Abstract
Climate models predict substantial summer precipitation reductions in Europe and the Mediterranean region in the twenty-first century, but the extent to which these models correctly represent the mechanisms of summertime precipitation in this region is uncertain. Here an analysis is conducted to compare the observed and simulated impacts of the dominant large-scale driver of summer rainfall variability in Europe and the Mediterranean, the summer North Atlantic Oscillation (SNAO). The SNAO is defined as the leading mode of July–August sea level pressure variability in the North Atlantic sector. Although the SNAO is weaker and confined to northern latitudes compared to its winter counterpart, with a southern lobe located over the UK, it significantly affects precipitation in the Mediterranean, particularly Italy and the Balkans (correlations of up to 0.6). During high SNAO summers, when strong anticyclonic conditions and suppressed precipitation prevail over the UK, the Mediterranean region instead is anomalously wet. This enhanced precipitation is related to the presence of a strong upper-level trough over the Balkans—part of a hemispheric pattern of anomalies that develops in association with the SNAO—that leads to mid-level cooling and increased potential instability. Neither this downstream extension nor the surface influence of the SNAO is captured in the two CMIP3 models examined (HadCM3 and GFDL-CM2.1), with weak or non-existent correlations between the SNAO and Mediterranean precipitation. Because these models also predict a strong upward SNAO trend in the future, the error in their representation of the SNAO surface signature impacts the projected precipitation trends. In particular, the attendant increase in precipitation that, based on observations, should occur in the Mediterranean and offset some of the non-SNAO related drying does not occur. Furthermore, the fact that neither the observed SNAO nor summer precipitation in Europe/Mediterranean region exhibits any significant trend so far (for either the full century or the recent half of the record) does not increase our confidence in these model projections.

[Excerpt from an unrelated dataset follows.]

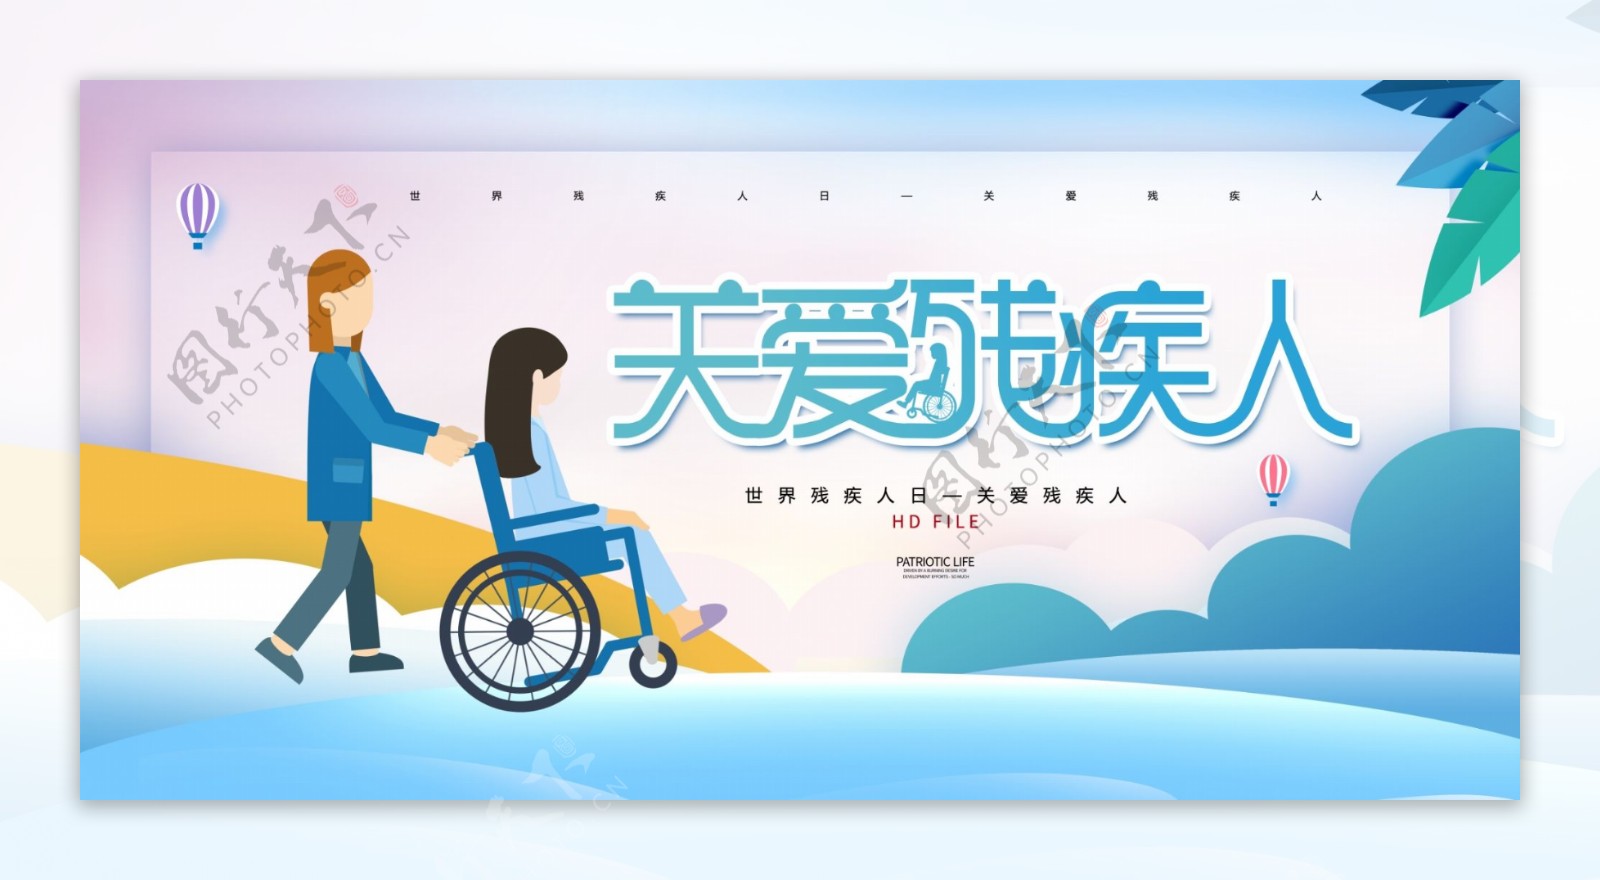 关爱残疾人公益宣传海报

Similar content being viewed by others
Notes
The spatial correlation between the June pattern and the July/August patterns is r s ~ 0.65 for the 1950–2010 period; the correlation using the June EOF-2 is even lower. An SNAO-like EOF is also not found in September.
The spatial (temporal) correlation r s (r t ) is 0.98 (0.92) and 0.94 (0.86), respectively, when computed for the 1950–2010 period. The resemblance can be verified by comparing Fig. 1a, b, d to fig. 6 in Hurrell et al. (2003), which shows the leading EOF of JJA SLP computed over the wider domain for the 1899–2001 period—although the southern lobe is centered west of the British Isles rather than right over them.
For instance, the GHCN database contains only three Greenland stations with 40 years or more of data in the period 1899–1949, but none of them has 40 years of data in the period 1950–2010.
For the 1950–2010 period, this projected SNAO index coincides, of course, with the time series (PC) of the leading EOF for that period (or baseline pattern). For the entire 1899–2010 period, the projected index is correlated at 0.98 with the PC of the leading EOF for that period (Fig. 1d). For the early period (1899–1949), however, the correlation with the PC of the leading EOF (Fig. 1e) is only 0.76.
See Liebmann et al. (2010) for a method to illustrate the sensitivity of trends to end points.
Almost identical results are obtained when data are detrended prior to the regression calculations, consistent with the weak SNAO trend.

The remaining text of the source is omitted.